Chris,> I'm not sure what you mean: do you have a pointer to these, or do you
> have an array of pointers? Do you know the size of the elements? The
> compiler can't lay out a structure or array without knowing the size
> (not just the alignment) of the elements.
I can think of three cases that are important to my research, detailed
below. [1] is solved by global variable alignment; [2] is hacked and
working, through type-alignment---not storage-location
alignment---would make it easier; [3] is unsolved, and we use a
sub-optimal work-around.
One could summarize all three cases succinctly with a simple question:
should alignment be an aspect of a storage location, or of a type? In
llvm, it appears to be an aspect of a storage location. But I think
it should be an aspect of the type.
(Case 1) There is some set of values V that we wish to transfer from
one thread to another. The size and types of V can only be known at
compile time. We want to create a corresponding type struct.V to
carry those values. In our situation, several threads will be writing
to its own structure simultaneously. By aligning the structures to
cacheline boundaries, we can ensure that no two of these structures
occupy the same cacheline, and so no two threads are competing for
that cacheline.
As you noted, this case can be handled by setting an alignment on a
global variable.
(Case 2) We have a group of closely related threads, all running the
same code, but parameterized with some integer instance number. Just
like the previous case, these threads need to communicate some set of
values. When they write their values, they can use their instance
number to index into an array of struct.V's.
But, say two threads i and i+1 are both trying to write to the array.
I would like to ensure that array[i] and array[i+1] lay in different
cachelines. The only way to guarantee that is if each /element/ of
the array is cacheline aligned. In other words, I am not trying to
align the global variable (the array) to a cacheline, rather its
elements.
I accomplish this by first making an assumption about cacheline size,
and then adding a char[] padding element to the structure type. I'd
rather set alignment on the element type.
(Case 3) We have a group of closely related threads, all running the
same code, but parameterized with some integer instance number.

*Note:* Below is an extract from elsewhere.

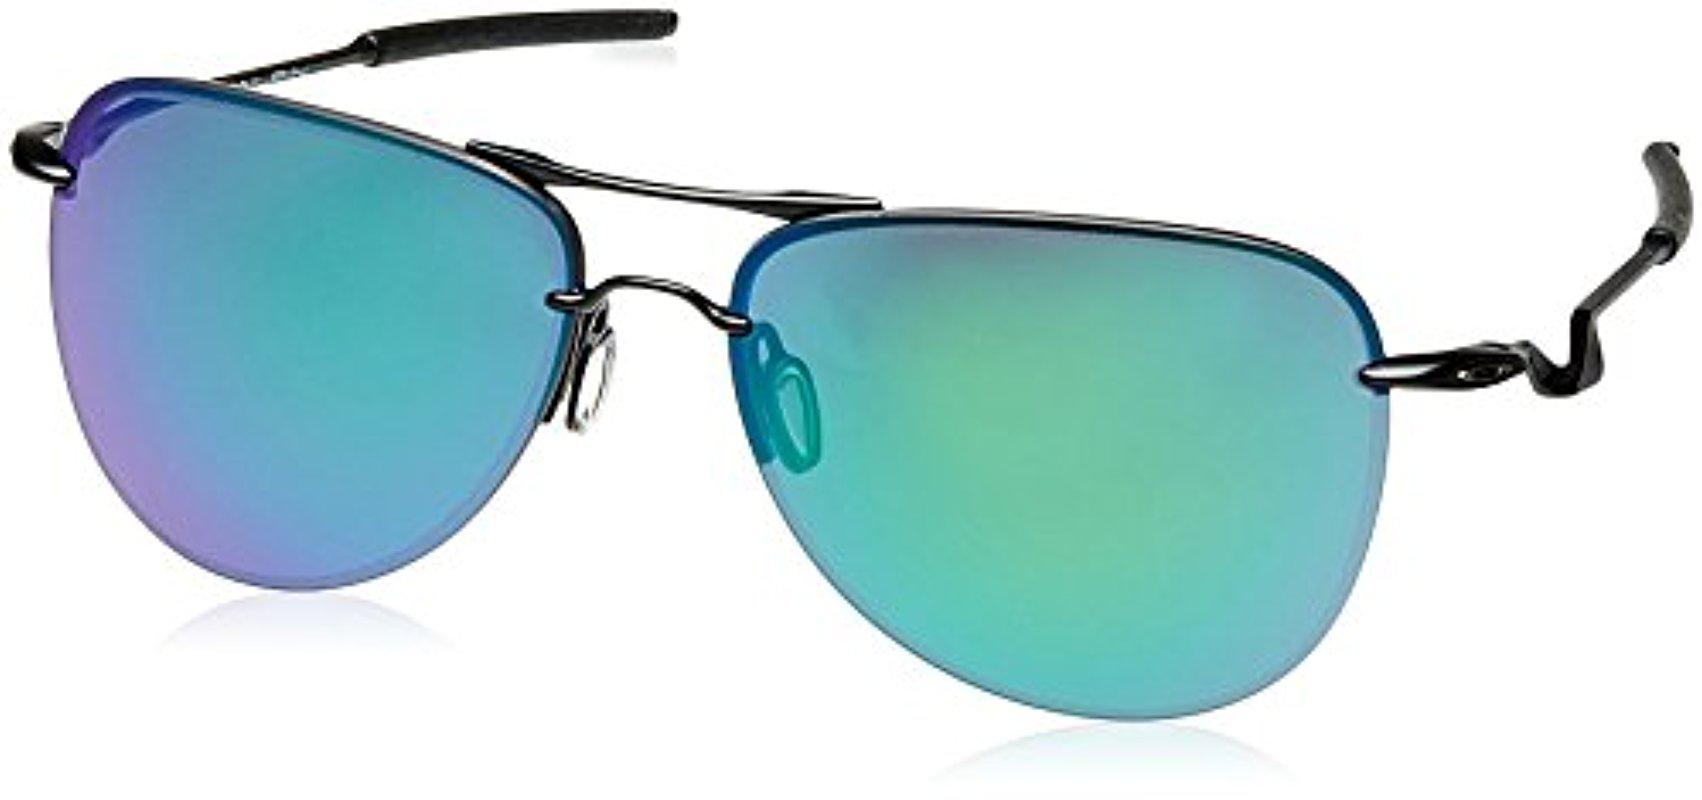 c0d24a2f202 Lyst - Oakley Tailpin Aviator Sunglasses for Men
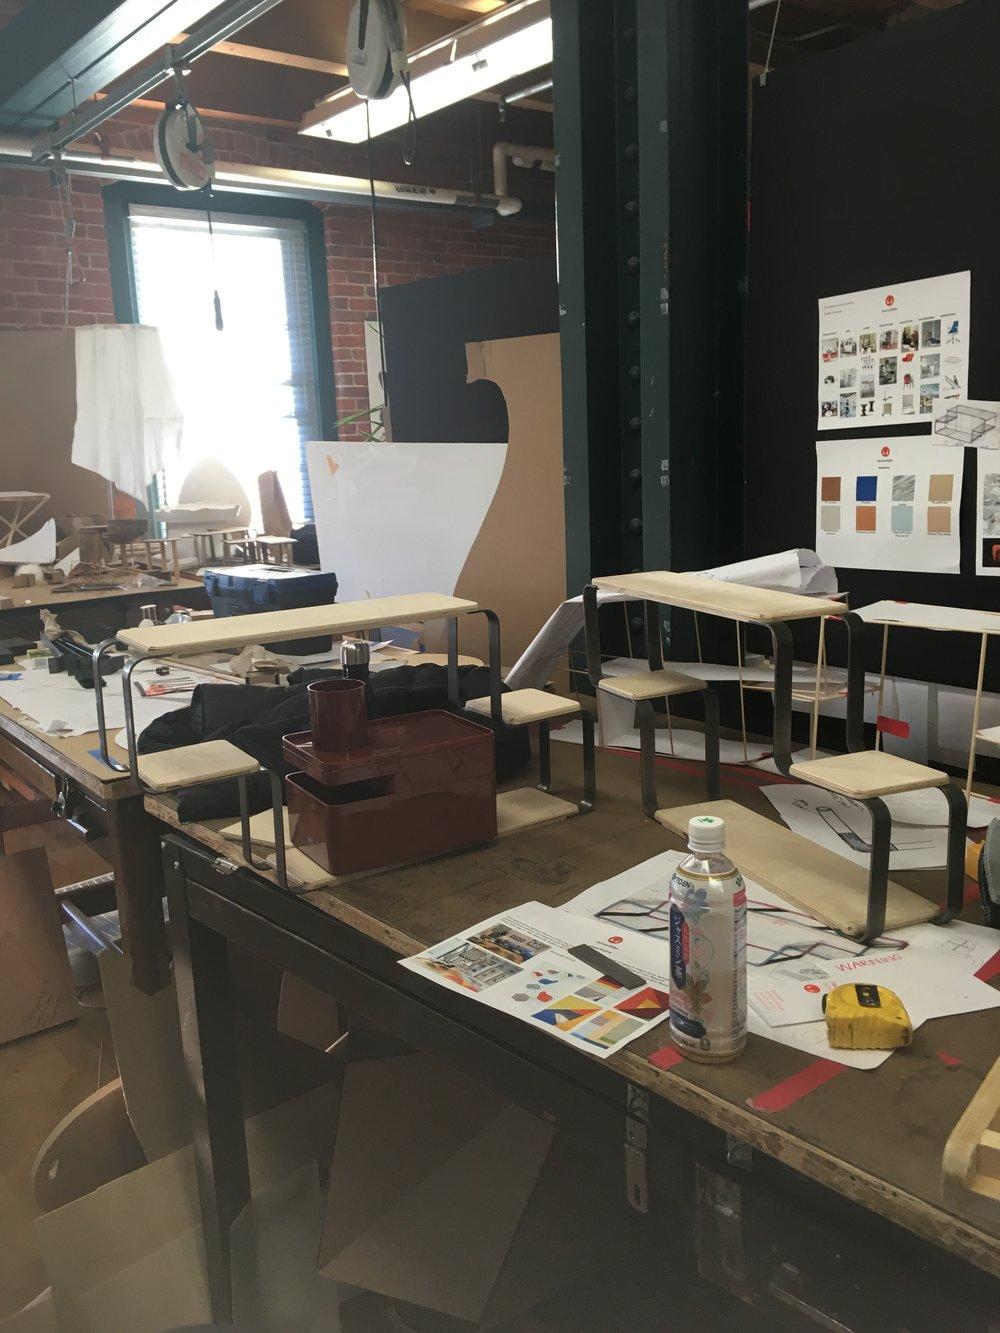 Testing how Mondri shelf interacts with Herman Miller's Formwork desk organizers.

Additionally, we use some external library to provide an inter-thread
communication facility. Each thread must have a distinct handle
object for that library.
The handle objects are complicated: many fields, many alignment rules,
etc. Also, as our research has progressed, the internal structure of
the handle object has been revised several times. For these reasons,
we would like to maintain the handle-type in llvm as an Opaque type.
Also, initialization of these handle objects is relatively slow. A
comparison could be made to a thread pool: you initialize a pool when
you start your program so you don't have to pay the thread-spawn
penalty inside a hot loop. For this reason, we initializie the
handles within static constructors. Therefore, we cannot easily place
them in thread-local storage. A global variable is the natural place
to put them.
I would like to create an array of handles so that the threads can
simply index into the array by their instance number. Like before, I
want to guarantee that if two threads i and i+1 try to access their
handles in the handles array, that handles[i] and handles[i+1] do not
share a cacheline.
In this case, I cannot even manually pad the arrays, because I cannot
determine the size of the OpaqueType handle. Ideally, I want to tell
llvm that, no matter how big or small a handle is, it should ensure
that each element of the array is a multiple of cacheline size.
Again, this is an alignment property of the array /element/ type, not
of the array storage location.
To work around this, we must use pointers to handles, and store those
pointers within structures that have been padded to a cacheline size.
Again, that's 8-bytes of pointer, and 120-bytes of padding.
Additionally, this forces us to dynamically allocate storage for the
handles, even though I'd prefer to have them statically allocated.
I'd really appreciate to hear your thoughts on this matter. Or, maybe
I'm missing some obvious solution...
--
Nick Johnson